Even now, it’s difficult for me to paint this one dimensional picture of my mother and our relationship, but I offer it because it’s important for appreciating the depth of this accomplishment―our transformation.

For those of you who have not read Materials on Hand, I’m going to take a moment and provide a brief overview of the essential details. My mother was 76 when she was diagnosed with Parkinson’s and Lewy Body Dementia. My father was 77; they had been married for 52 years. Over the next 6.5 years of her decline, my father took care of my mother at home as her primary caregiver, and I, as the youngest of their three children and the only one without children of my own, helped take care of both of them. I was living in Buffalo, NY at the time, and commuting back and forth to their home in Oxford, Maryland―usually staying for 3-5 weeks at a pass. When I wasn’t with my parents physically, I spent an hour with them every morning and an hour every evening over FaceTime. My Dad made a stand for his iPad and he’d prop me up at the table for breakfast and dinner. Actually, he usually called well before dinner in need of hand holding when it came to fixing meals. Before her illness, my father, who had travelled for business, had never changed a bed, done laundry, shopped, cooked, cleaned house or written a check.

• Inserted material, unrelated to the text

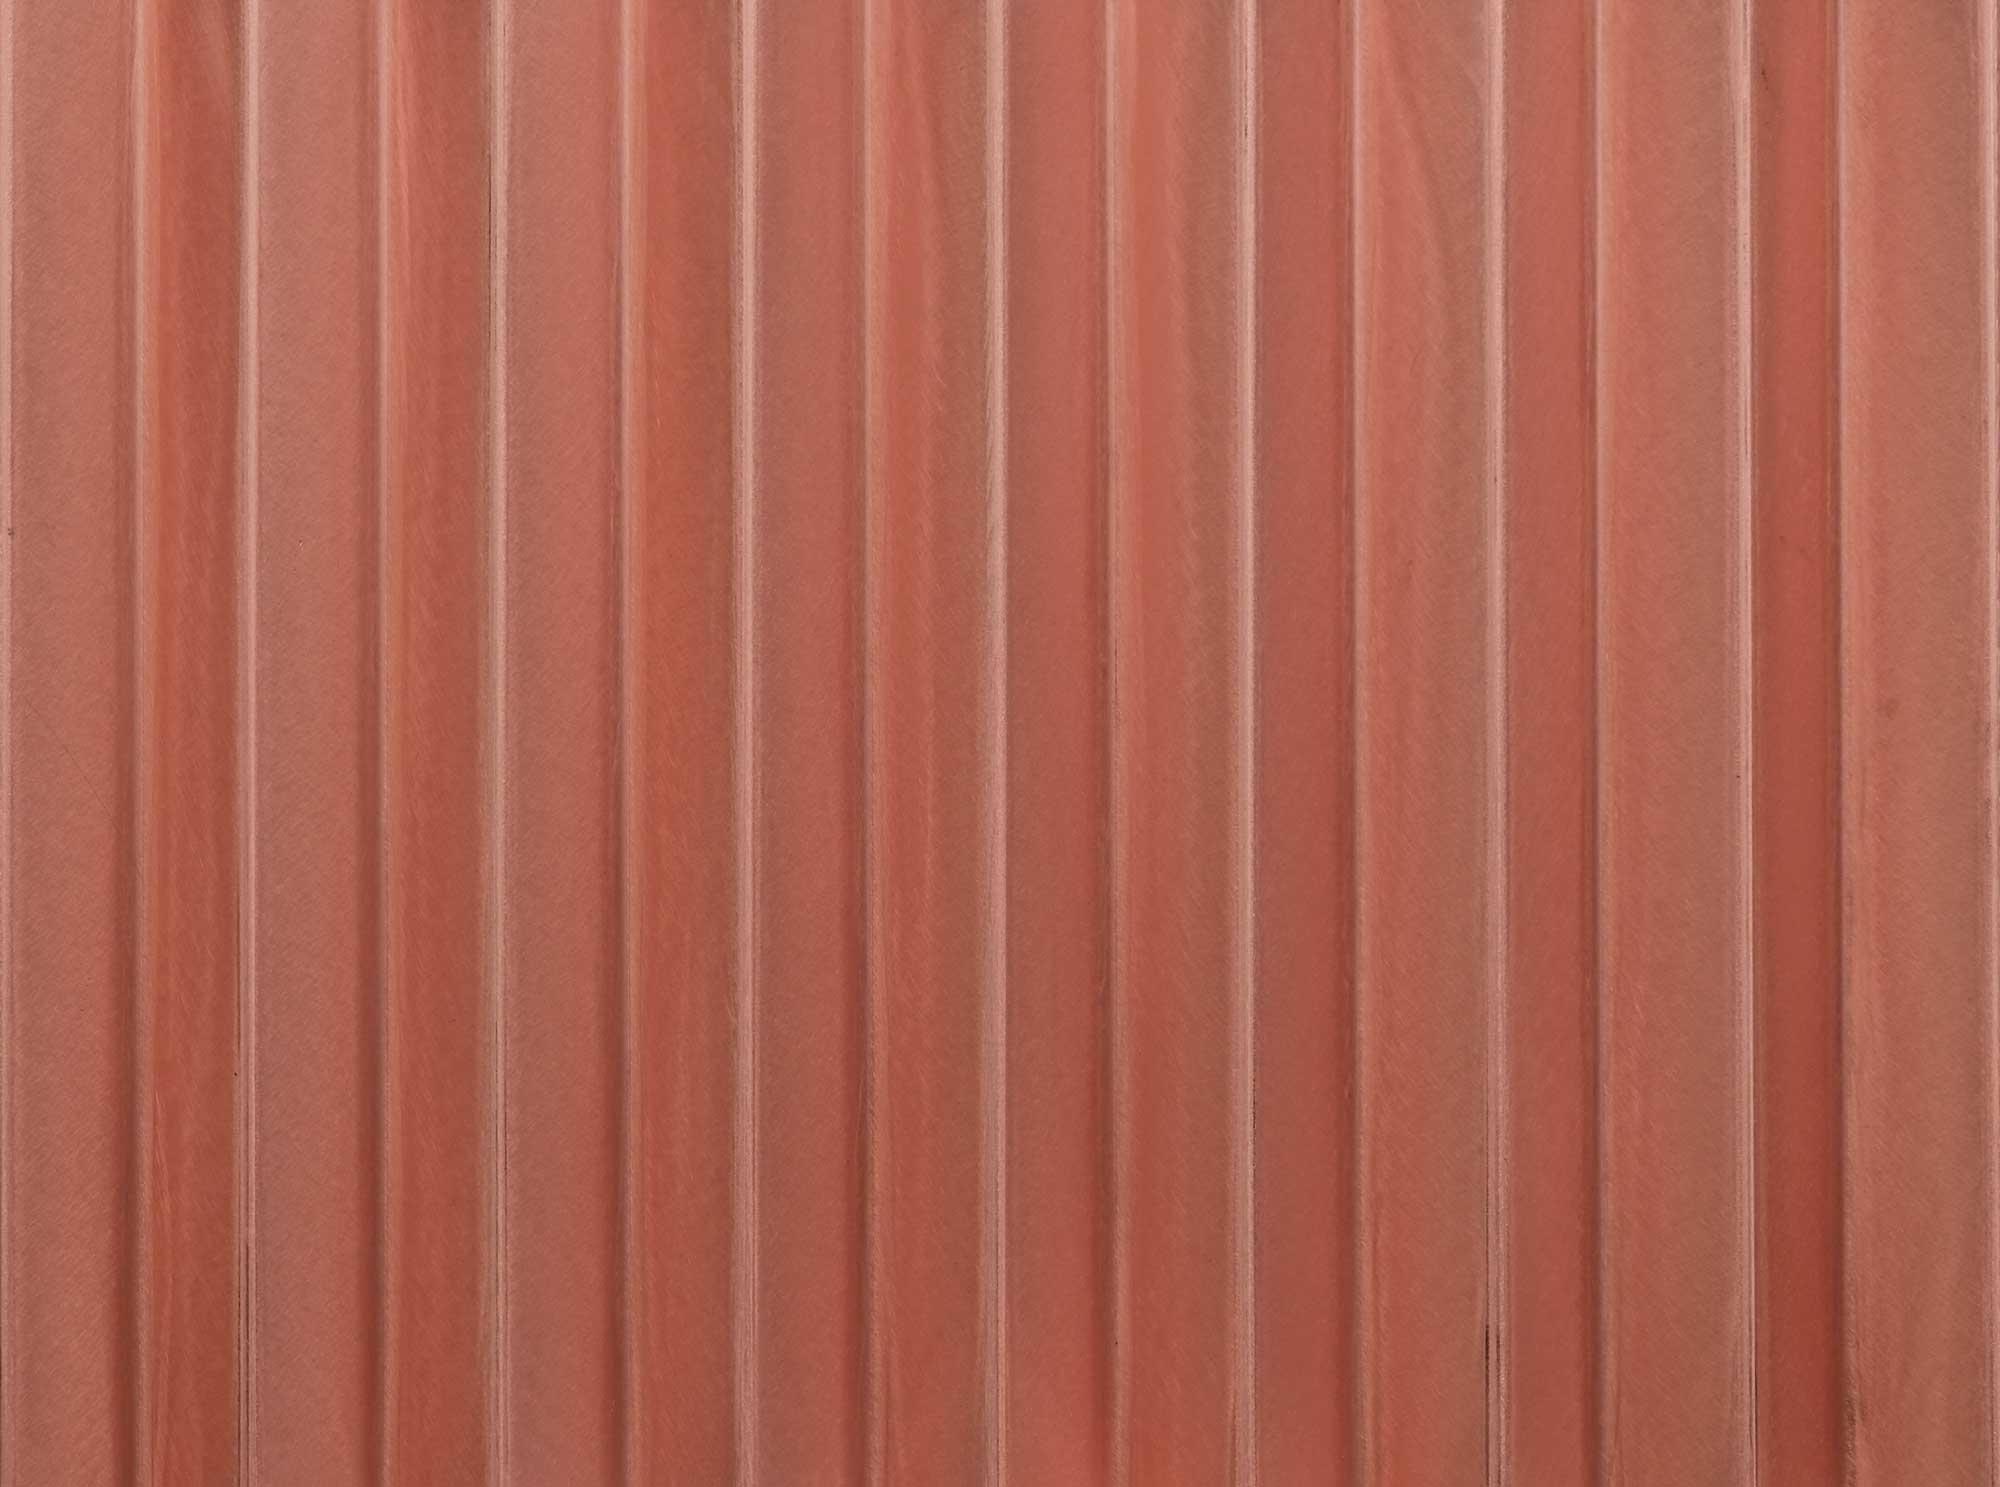 wandpaneele-metall-kupfer-gewellt-faltenwurf

One afternoon, when I was at their home, I was following my mother around―bored―tasked with making sure she didn’t hurt herself or hide anything we’d later look for and not find, when I decided to pull out my journal and write a list of the many moods she cycled through in any given day. That list became my first poem.

The Discord of Dementia

Endless days

The sum of moments

Mercurial—

Docile

Feisty

Frustrated

Sweet

Confused

Inconsolable

Tired

Agitated

Asleep

Busy

Still

Busy

Anxious

Distracted

Afraid

Delusional

Sarcastic

Stubborn

Incoherent

Innocent

Funny

Churlish

—Cherished.

I continued to write a poem a day for what would be the last year of my mother’s life. I religiously wrote every day, one poem, drawing my material only from that day. As a result, the book reads as a narrative. I wrote in a style that mirrored the cadence of my mother’s fragmented speech, and I wrote as if I was speaking to her. I mostly refer to my father as “your husband,” given that my mother frequently didn’t know who I was. That was especially true in the beginning when she was still taking drugs, and every time I visited she would ask my father―Who‘s that tall girl in the kitchen?

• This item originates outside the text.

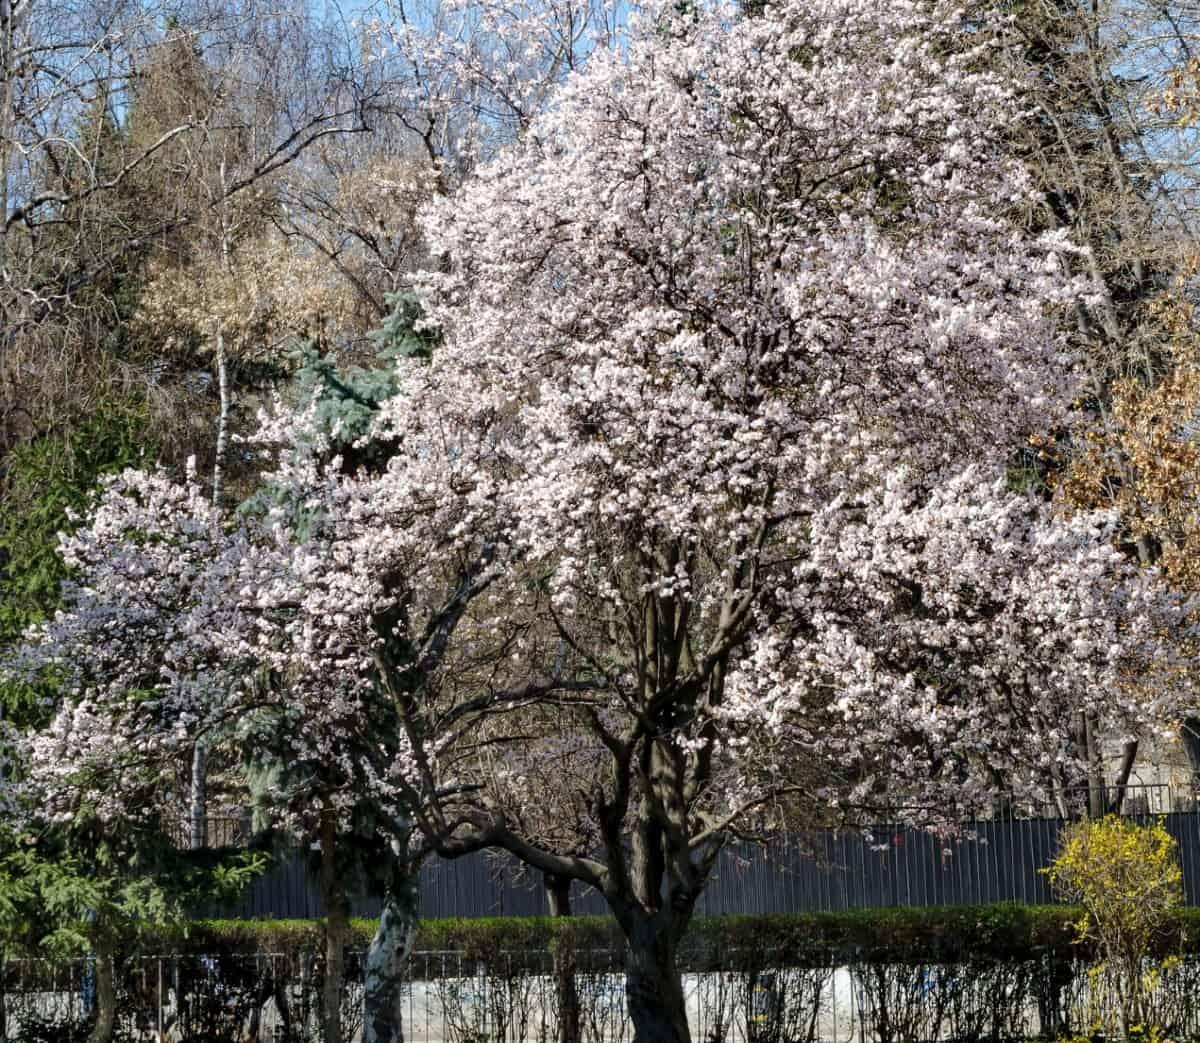 European plum trees provide delicious fruit.

I didn’t intend to write a book; the project was my own catharsis. I was, however, sharing my poems on Facebook and before long I realized that my words were helpful to more than just myself. In comments and private messages, friends and strangers were thanking me. Some were also caring for a loved one with dementia and were inspired by our example. Others had already lost a parent or grandparent to dementia, and thanked me for giving a voice to their experience. For some, I was giving them a window into a day-to-day reality they couldn’t begin to imagine. And a few more wrote to tell me that they also had a difficult relationship with their mother and to thank me for my self reflection as I worked to heal those wounds. Everyone―fell in love with my father.

This book is a tribute to his heroic example of strength, compassion and humor. For me, my father had always been a kind of avatar; he embodied his humanity more fully than anyone I have ever know. His example inspired me―then and still―with the desire to be my best possible self.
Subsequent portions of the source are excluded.